• Activity
Transcribe the listing verbatim, please, with images dropped.

• Supplied material
-=-=-

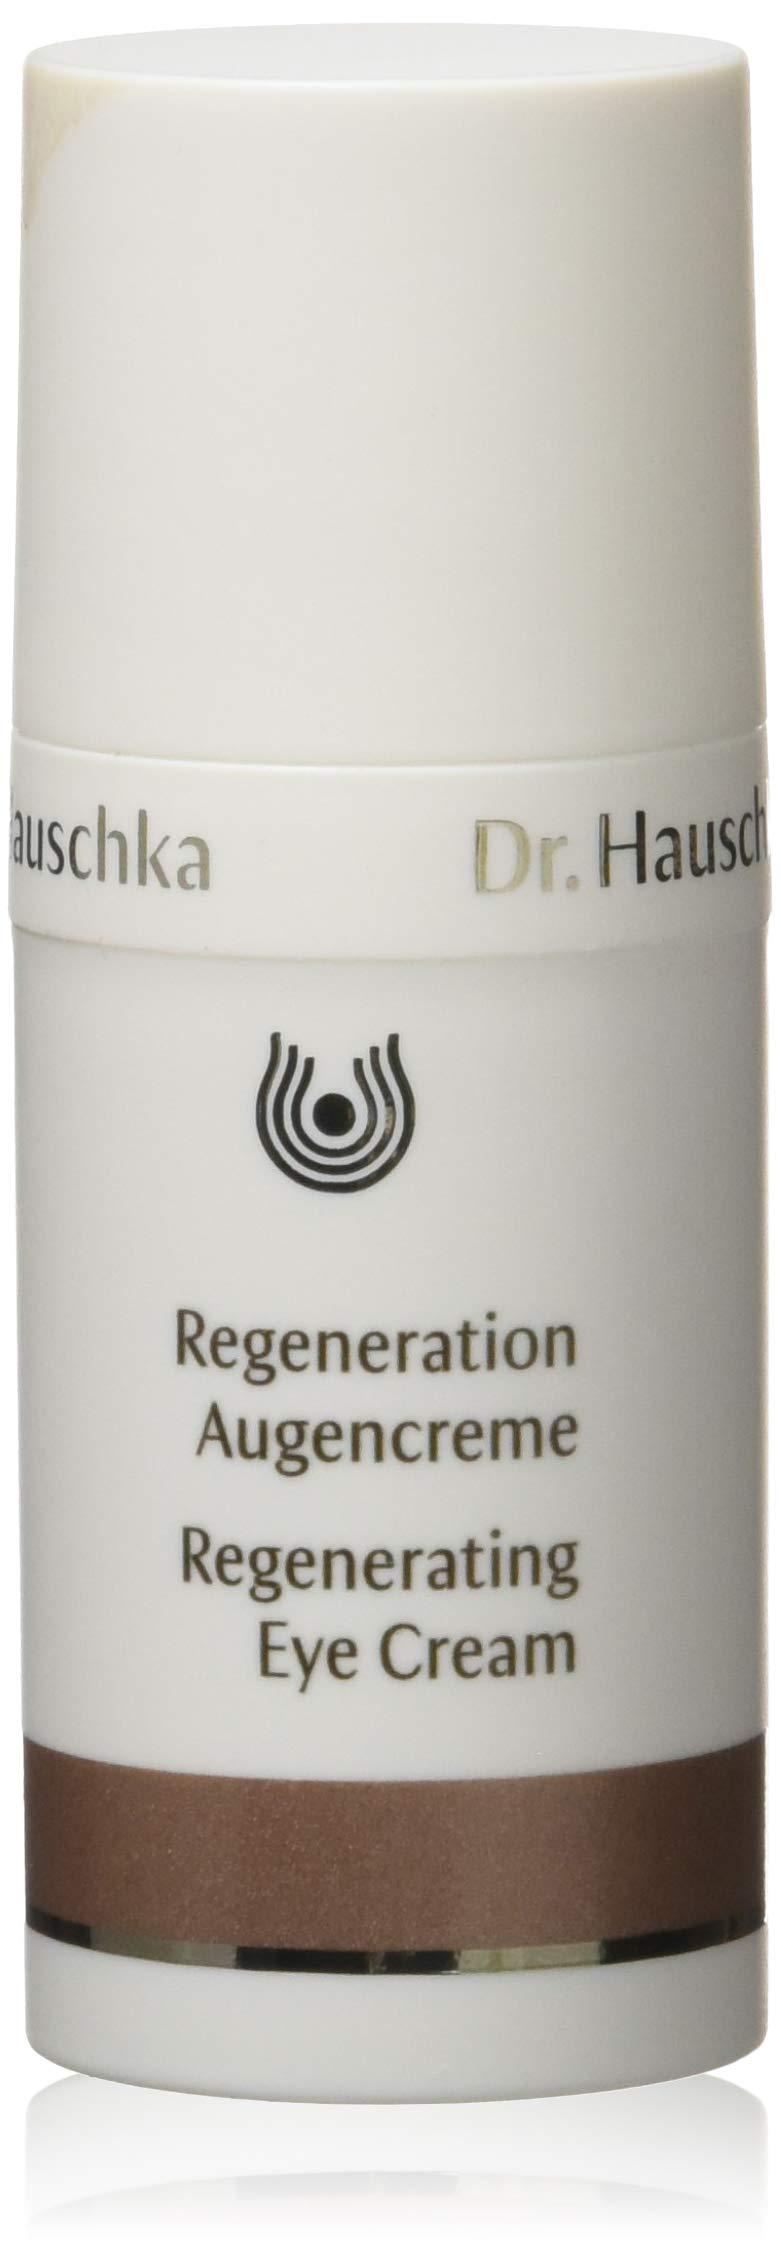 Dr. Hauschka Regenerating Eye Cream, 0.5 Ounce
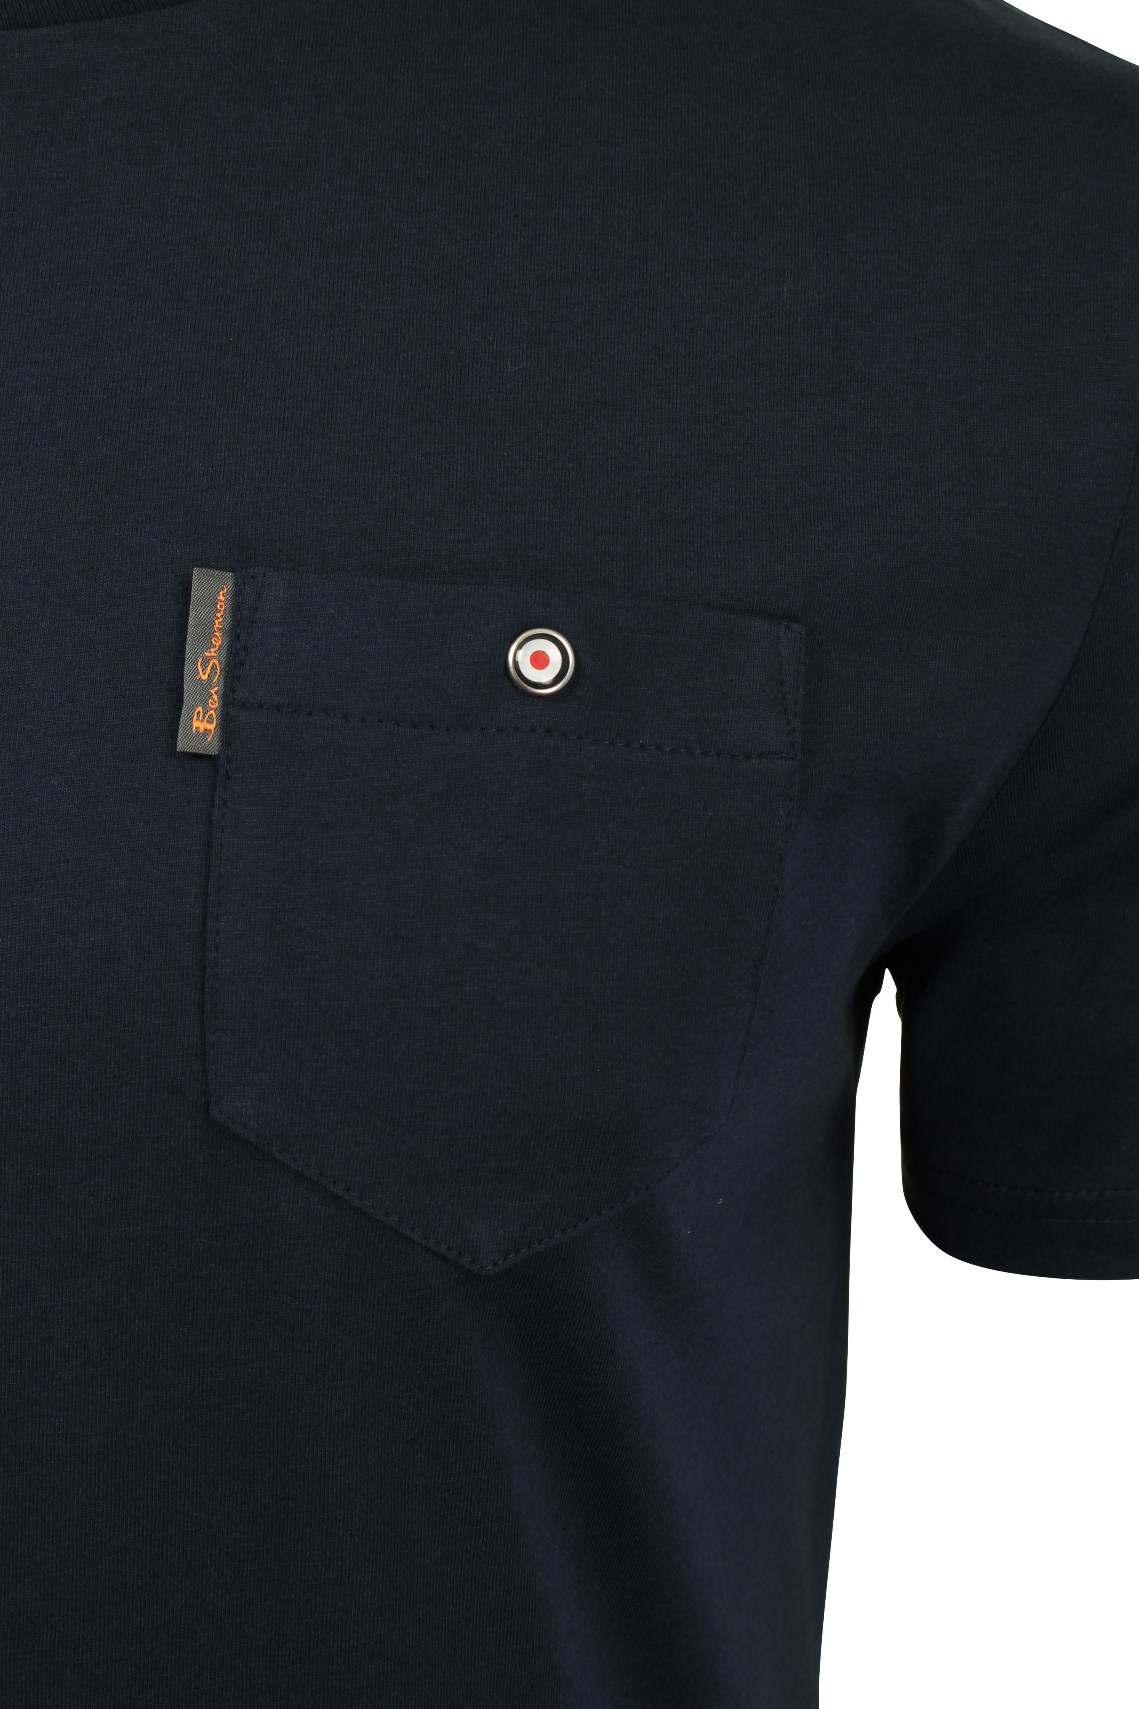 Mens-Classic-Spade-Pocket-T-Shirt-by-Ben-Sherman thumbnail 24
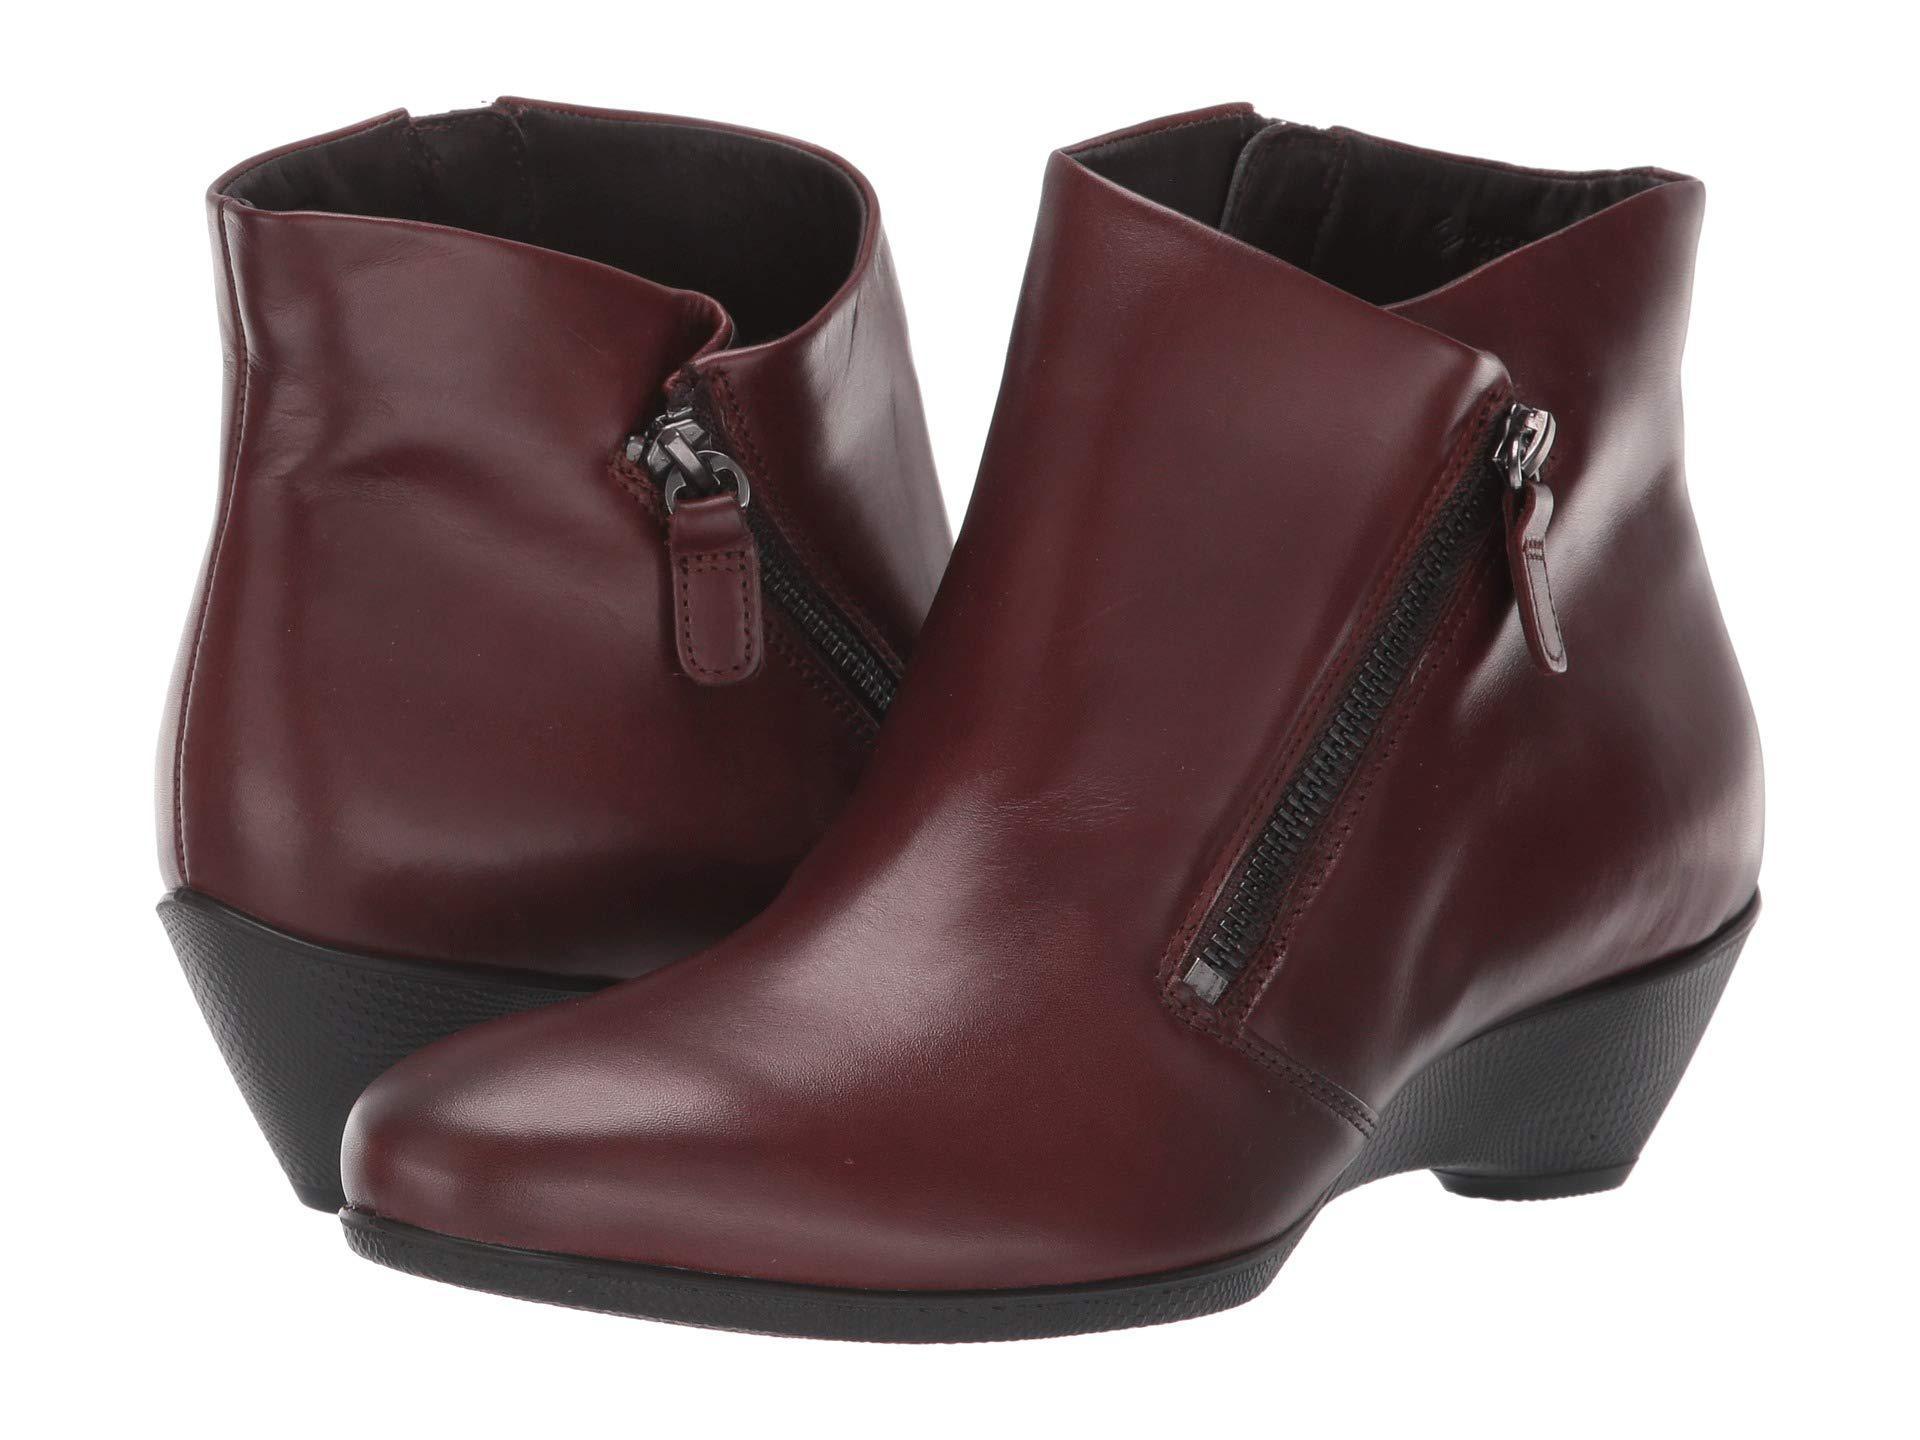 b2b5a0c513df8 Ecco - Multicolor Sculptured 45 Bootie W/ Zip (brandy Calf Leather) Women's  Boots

-=-=-

• Answer space
 Dr. Hauschka Regenerating Eye Cream, 0.5 Ounce
 Mens-Classic-Spade-Pocket-T-Shirt-by-Ben-Sherman thumbnail 24
 b2b5a0c513df8 Ecco - Multicolor Sculptured 45 Bootie W/ Zip (brandy Calf Leather) Women's  Boots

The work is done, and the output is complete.